Obama may have made a politically astute move by not picking a side in pro football’s offseason showdown. But it smacked of disingenuousness after he criticized as “an assault on unions” Walker’s proposal to strip public-sector employees of collective-bargaining rights. The NFL owners’ fight against the league’s proletariat, regardless of the players’ wealth or the public’s perception of it, differs very little from the Wisconsin battle.
The NFL fight is a serious attack on unions. In mid-March, team owners locked out the players, who decertified their union to challenge the league’s antitrust protection. The players then filed a court complaint to recoup more than $4 billion in TV revenue they claimed the league “left on the table” during recent contract negotiations.

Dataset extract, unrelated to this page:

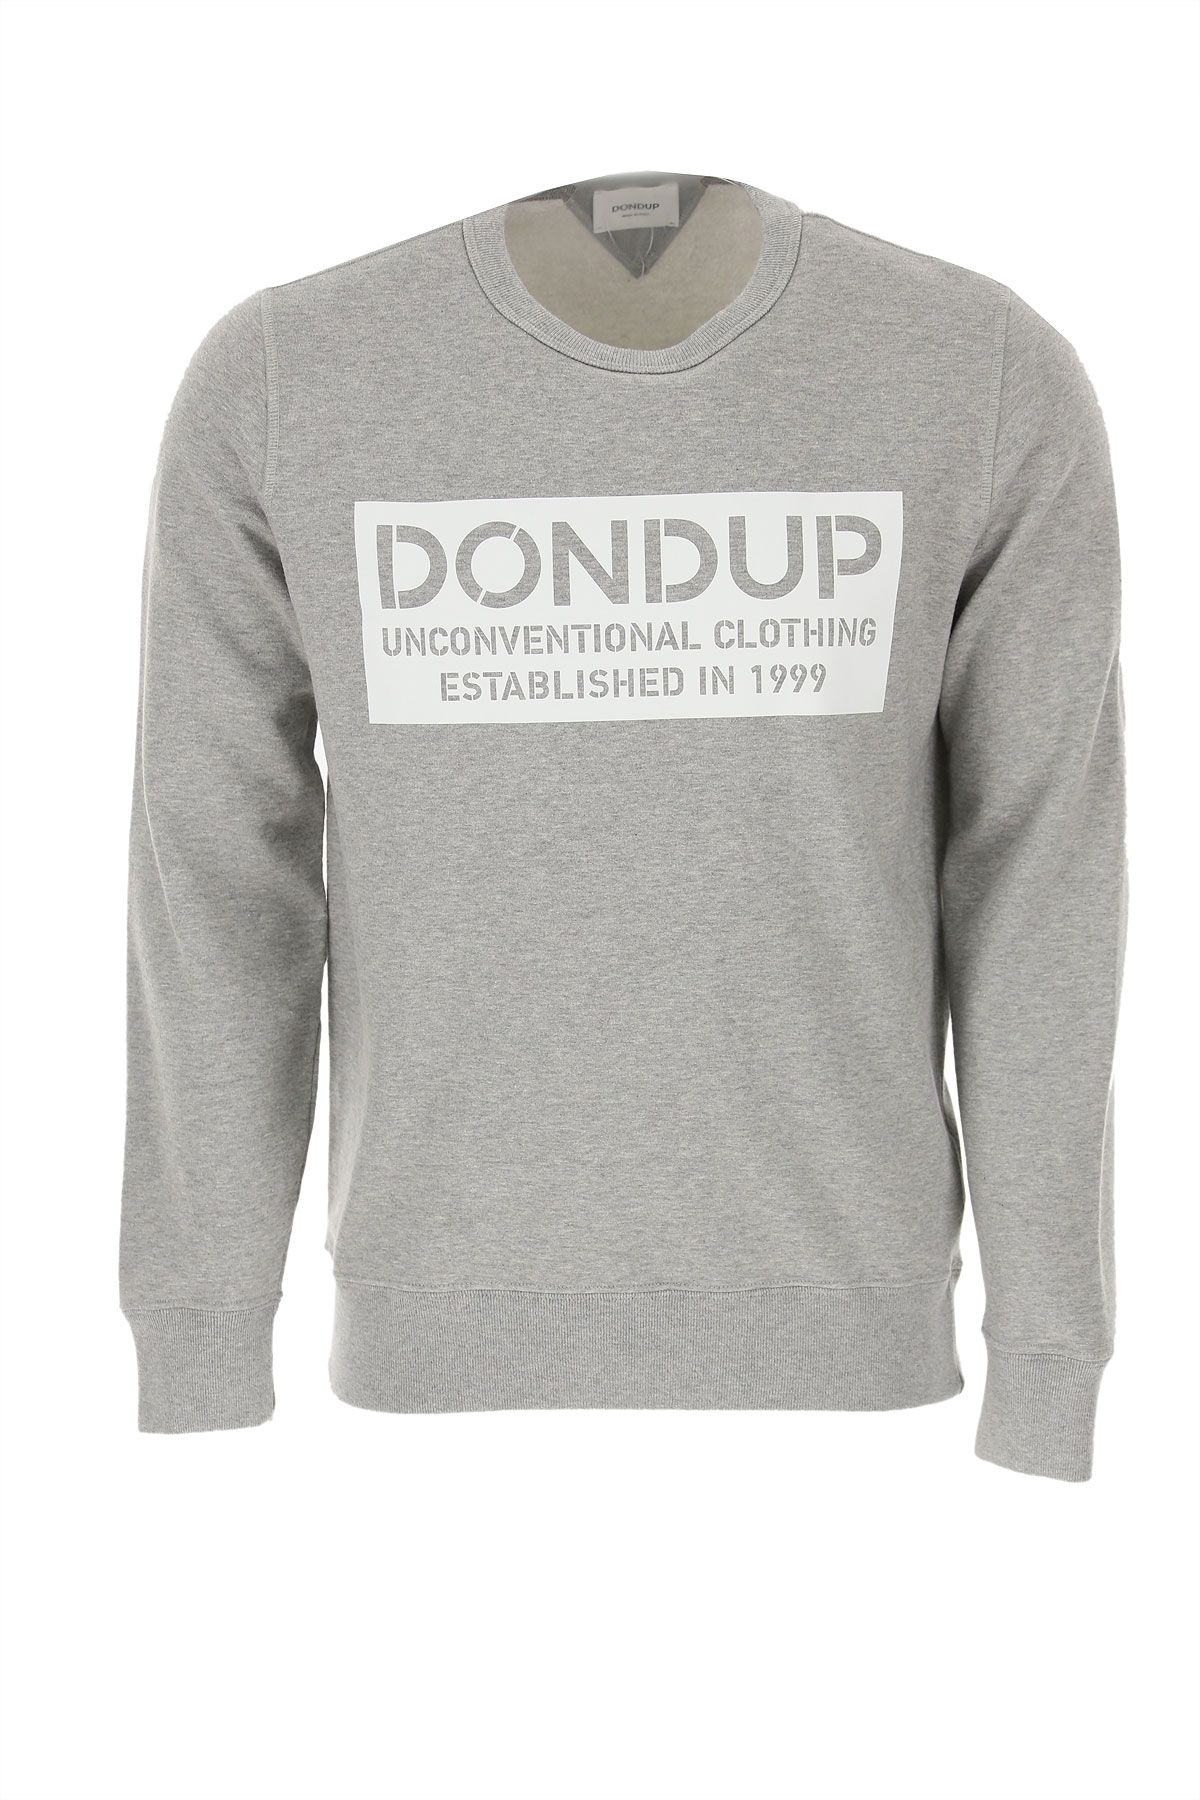 Dondup Sweatshirt für Herren, Kapuzenpulli, Hoodie, Sweats Günstig im Sale, Grau, Baumwolle, 2017, L XL

The president may be as misguided as were 1987 fans, who had also remained cool toward striking NFL players.
Indeed, more than 25 years later, retired Packers tackle Ken Ruettgers still remembers that the players had little public support when he and his NFL brethren went on strike against league owners and management.
Here is where Blackistone's argument loses me. While I agree if the President gets involved in one union skirmish he should get involved with them all, but the fact is the President should keep his progressive little fingers out of union skirmishes. His interference in Wisconsin were almost as disgusting as the AstroTurf protests set up by the Demcratic Party and the President's own website. He ordered the Government to favor unionized shops for construction even though only 13% of construction shops are unionized. That alone raised the taxpayers cost for government construction jobs by 20% In the Auto Bailout, he screwed the investors and the Amercian Taxpayers to give the UAW more than it deserved. And Blackistone wants the POTUS to get involved in football? Hasn't he given the unions enough?
I can just see it, thanks to President Obama, a big screen TV in every hotel room will be a constitutional right. And no more team buses, its a fleet of strech limos, no more than two players per limo (isn't that in the Good and Wellfare Clause?).
Sorry Mr. Blackistone, collective bargining is not a constitutional right, not for millionaires or teachers. And in the long list of national priorities, helping the NFL Players Union comes right after my constitutional right to extra cheese on my pizza.